(Data)

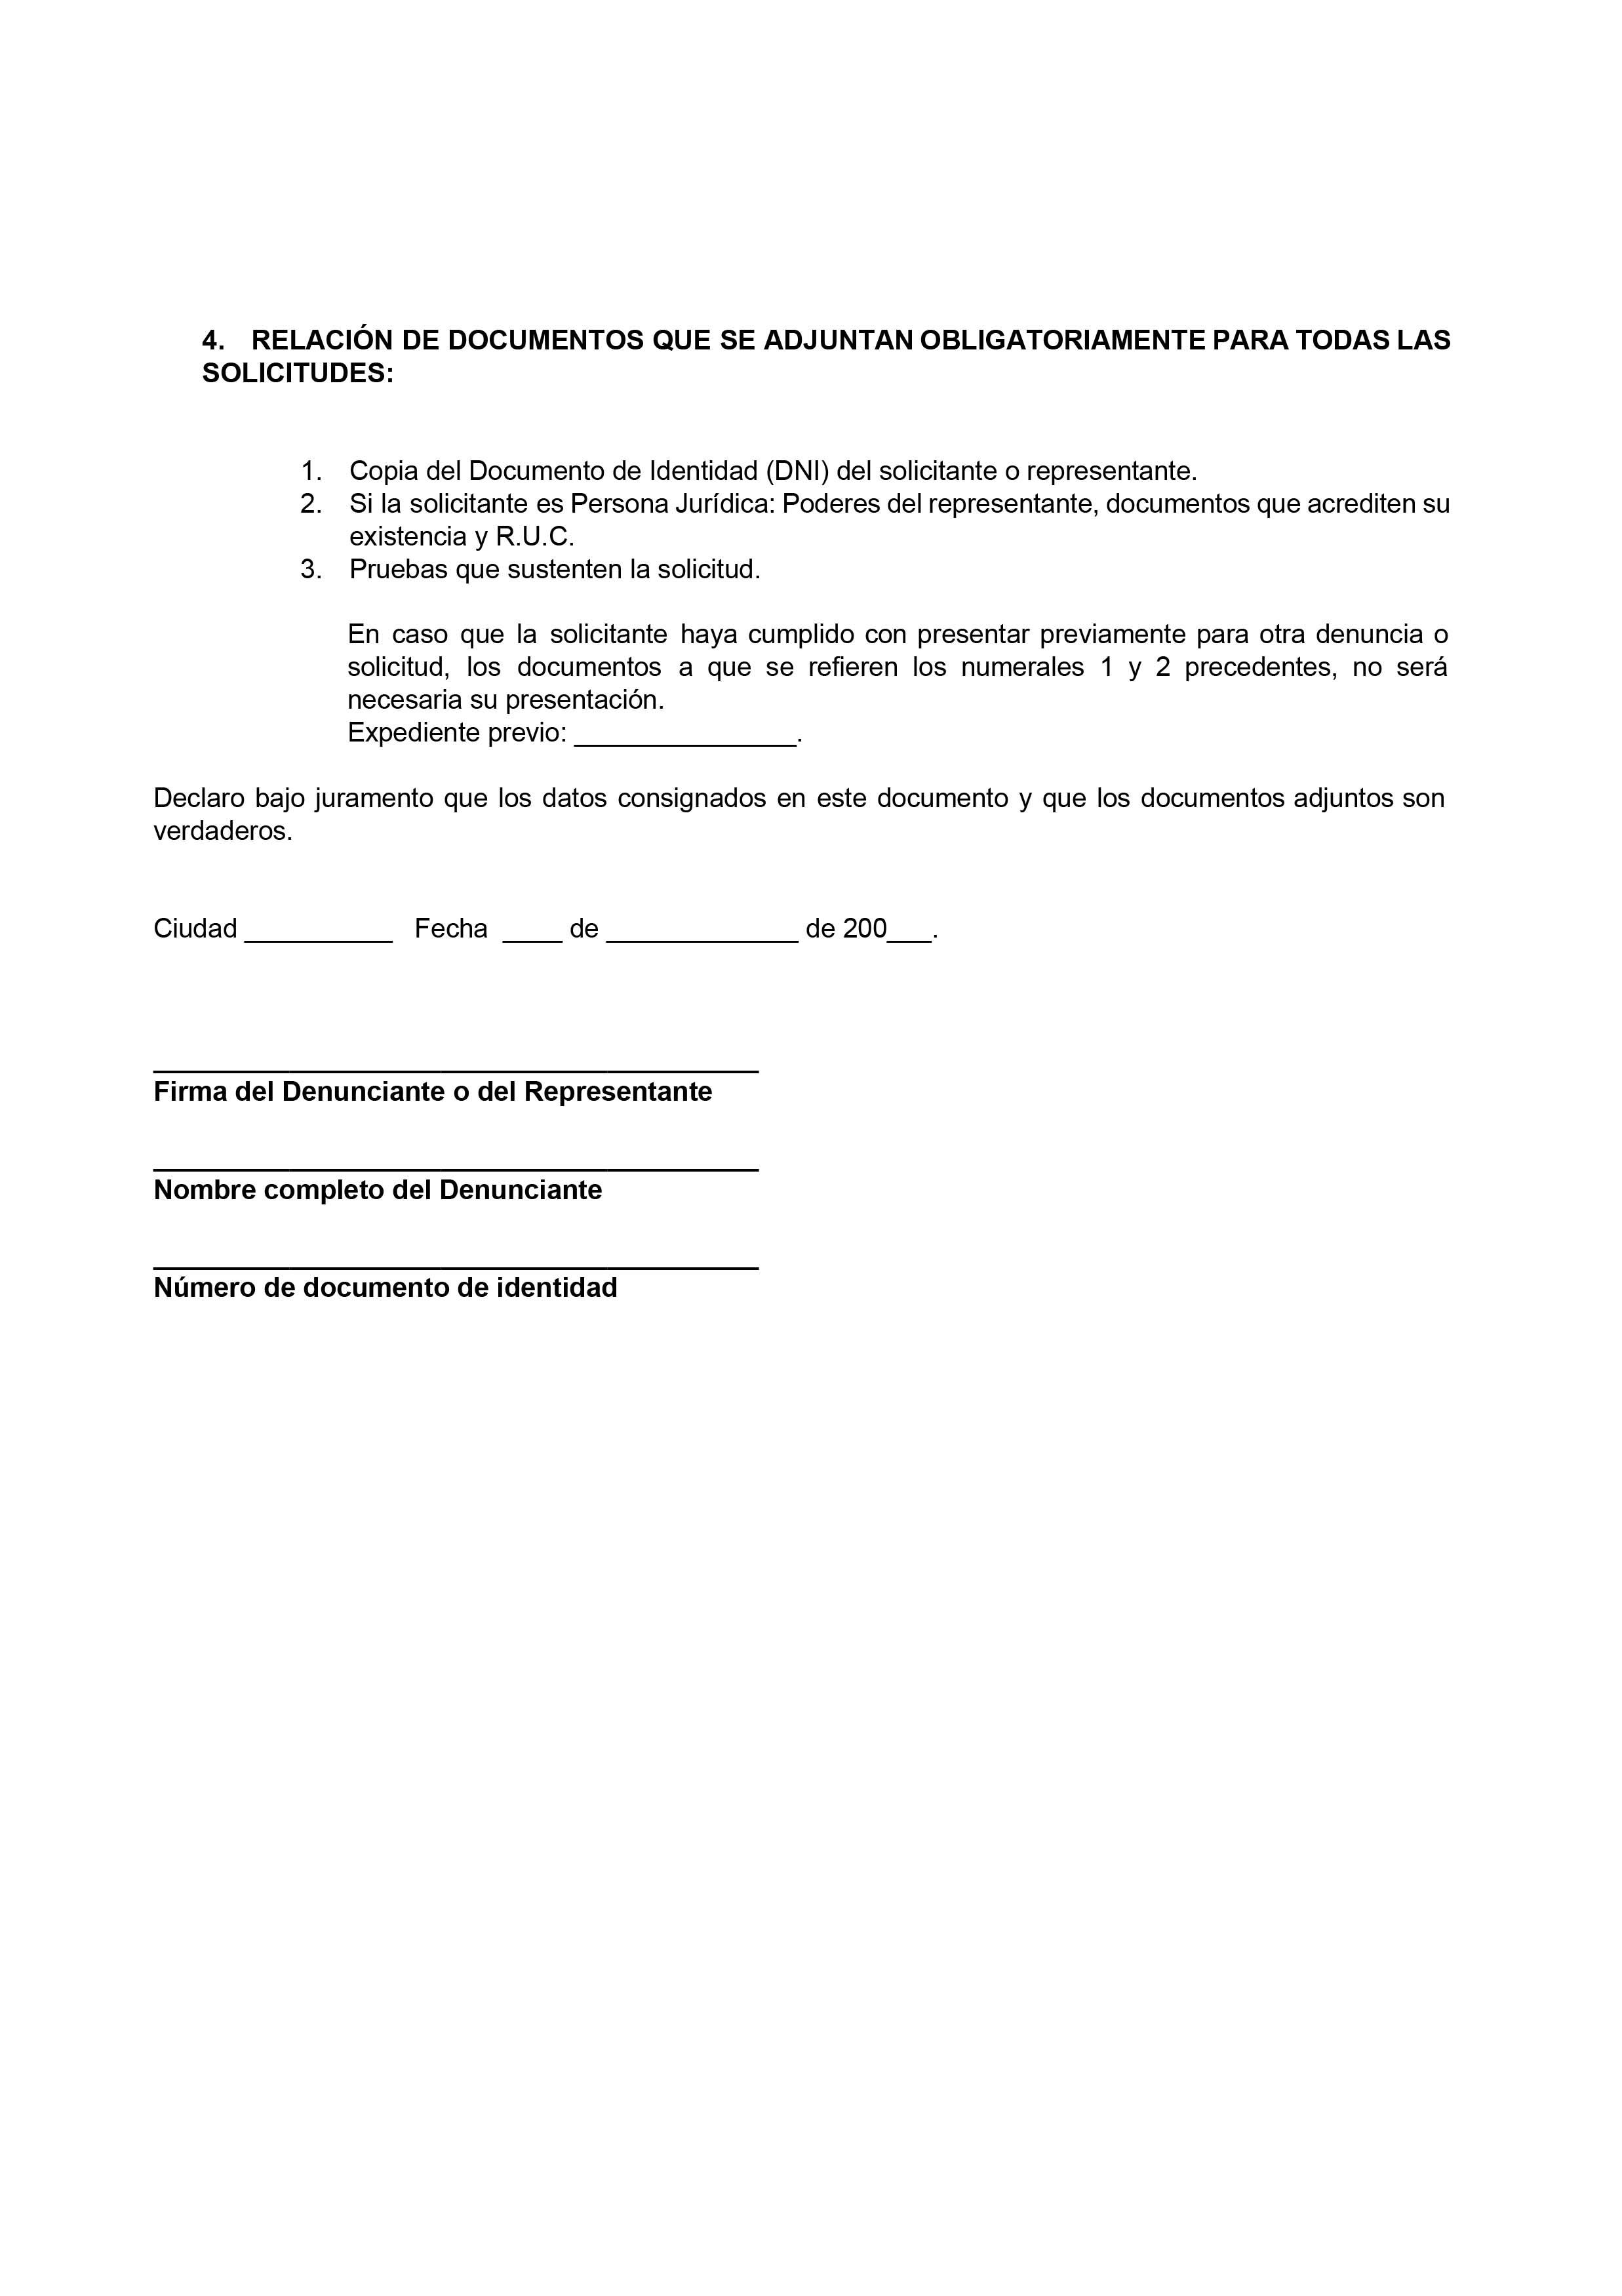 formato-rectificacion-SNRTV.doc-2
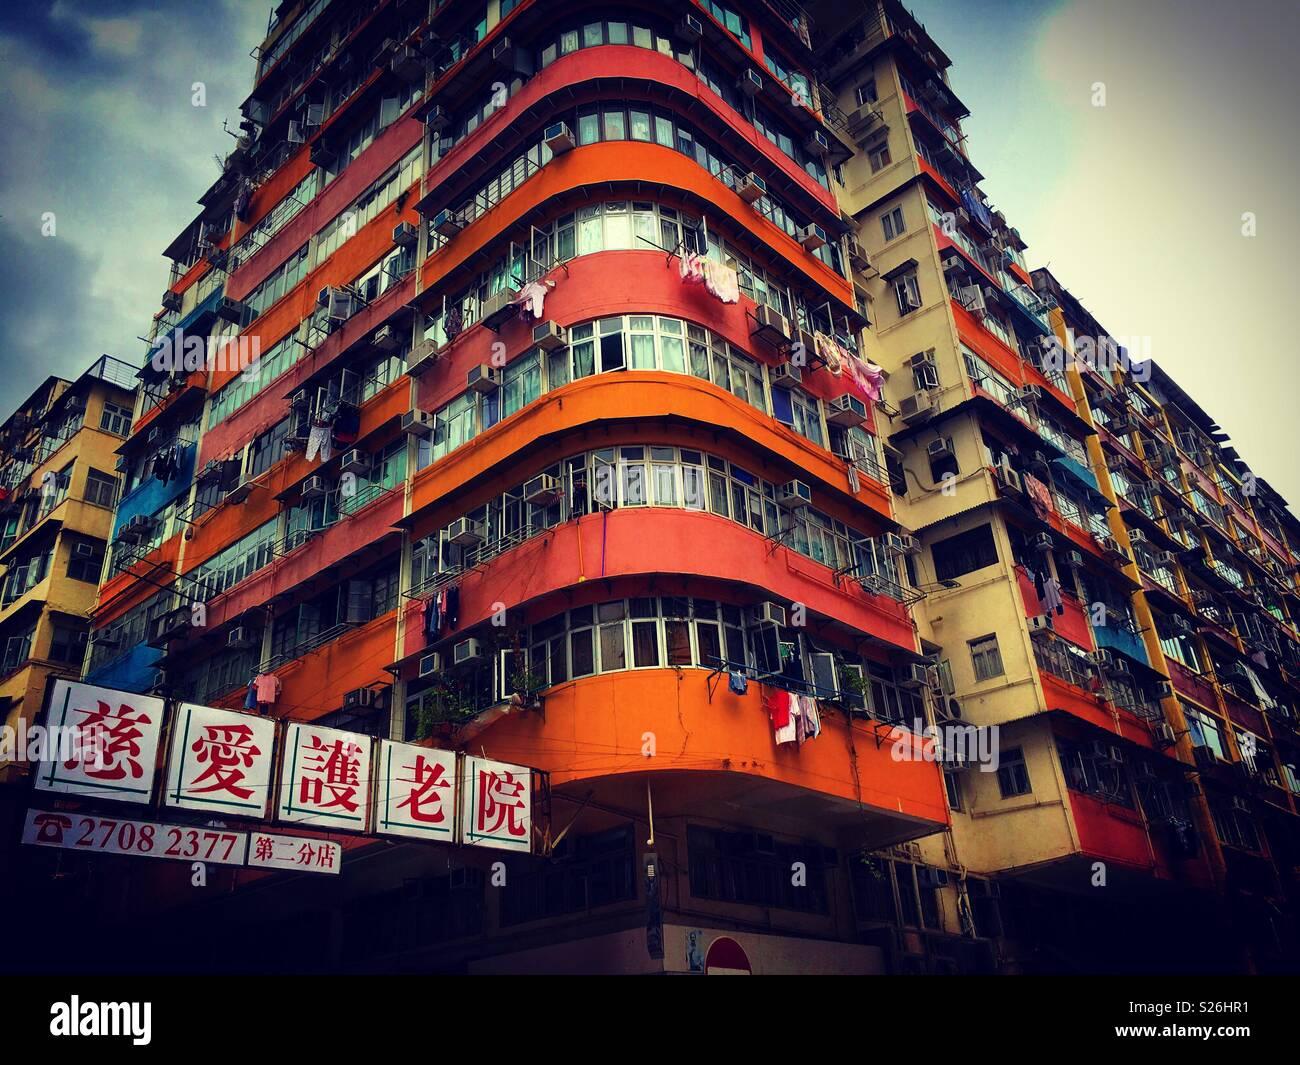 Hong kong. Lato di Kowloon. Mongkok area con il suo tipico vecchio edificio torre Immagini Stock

---

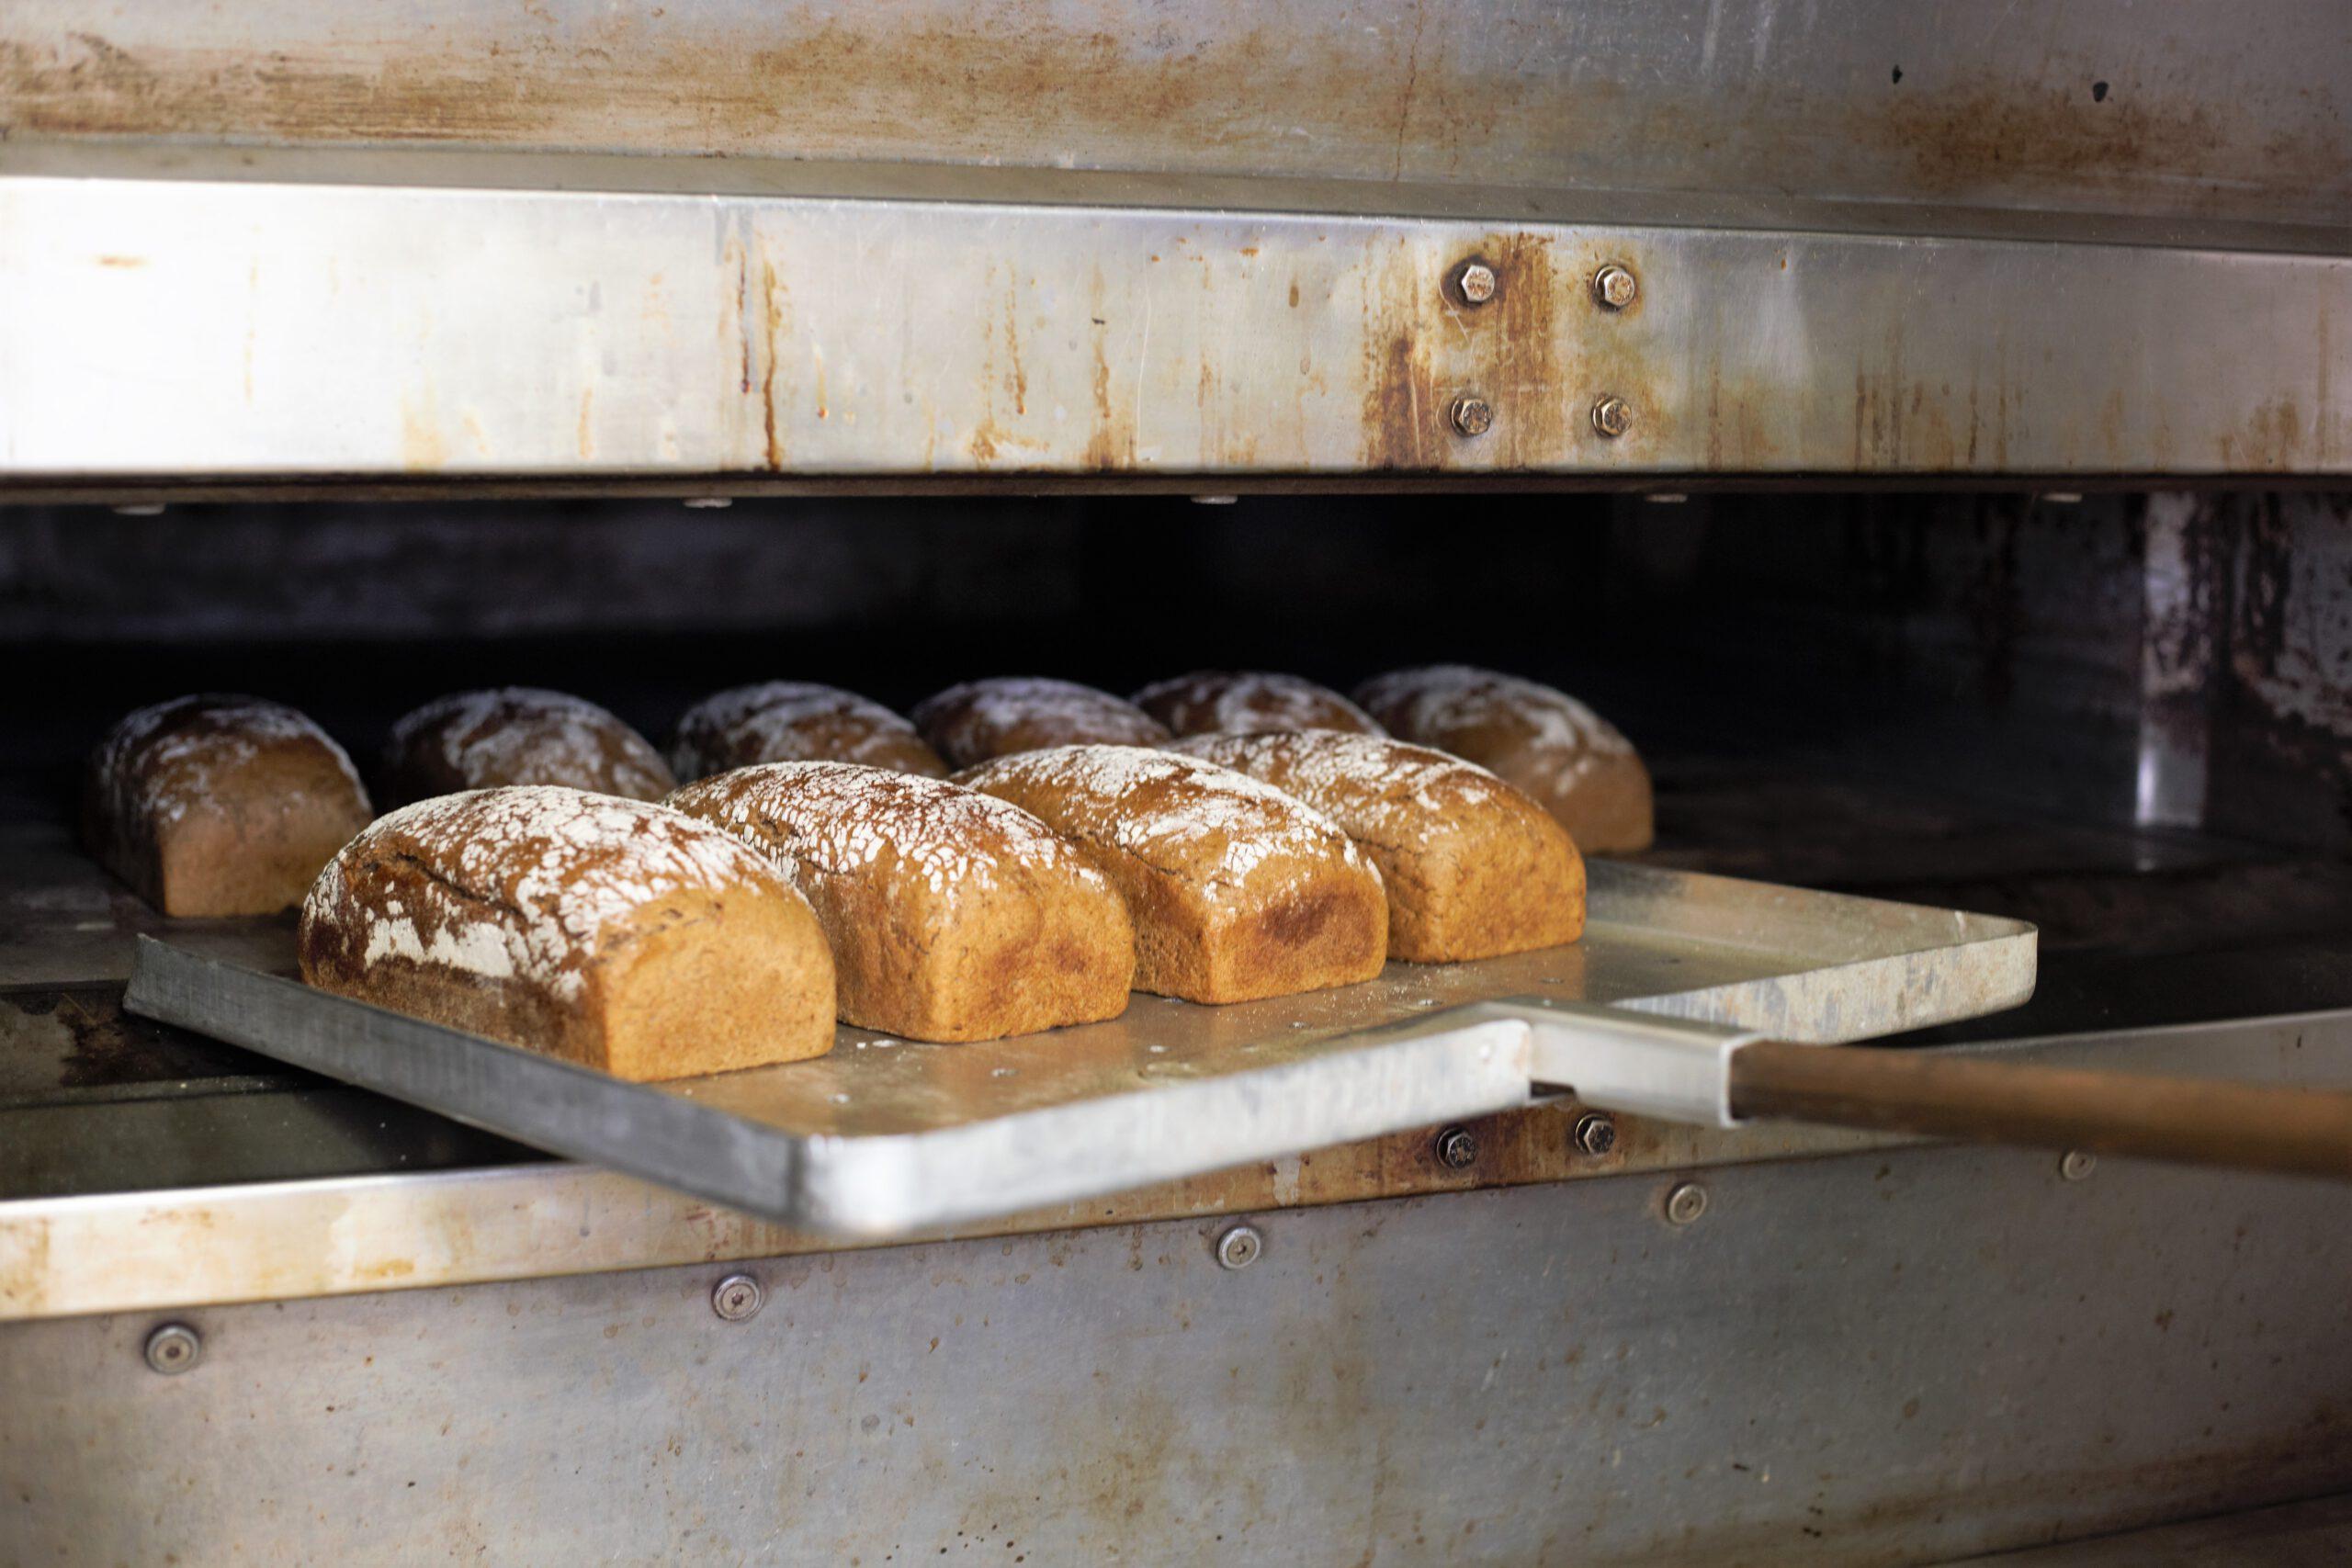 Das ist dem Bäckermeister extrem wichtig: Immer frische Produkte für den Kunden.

(Task details)
From the records above, extract the lines from the one holding "formato-rectificacion-SNRTV.doc-2" through the one holding "Hong kong. Lato", word for word; omit the pictures.

(Response area)
 formato-rectificacion-SNRTV.doc-2
 Hong kong. Lato di Kowloon. Mongkok area con il suo tipico vecchio edificio torre Immagini Stock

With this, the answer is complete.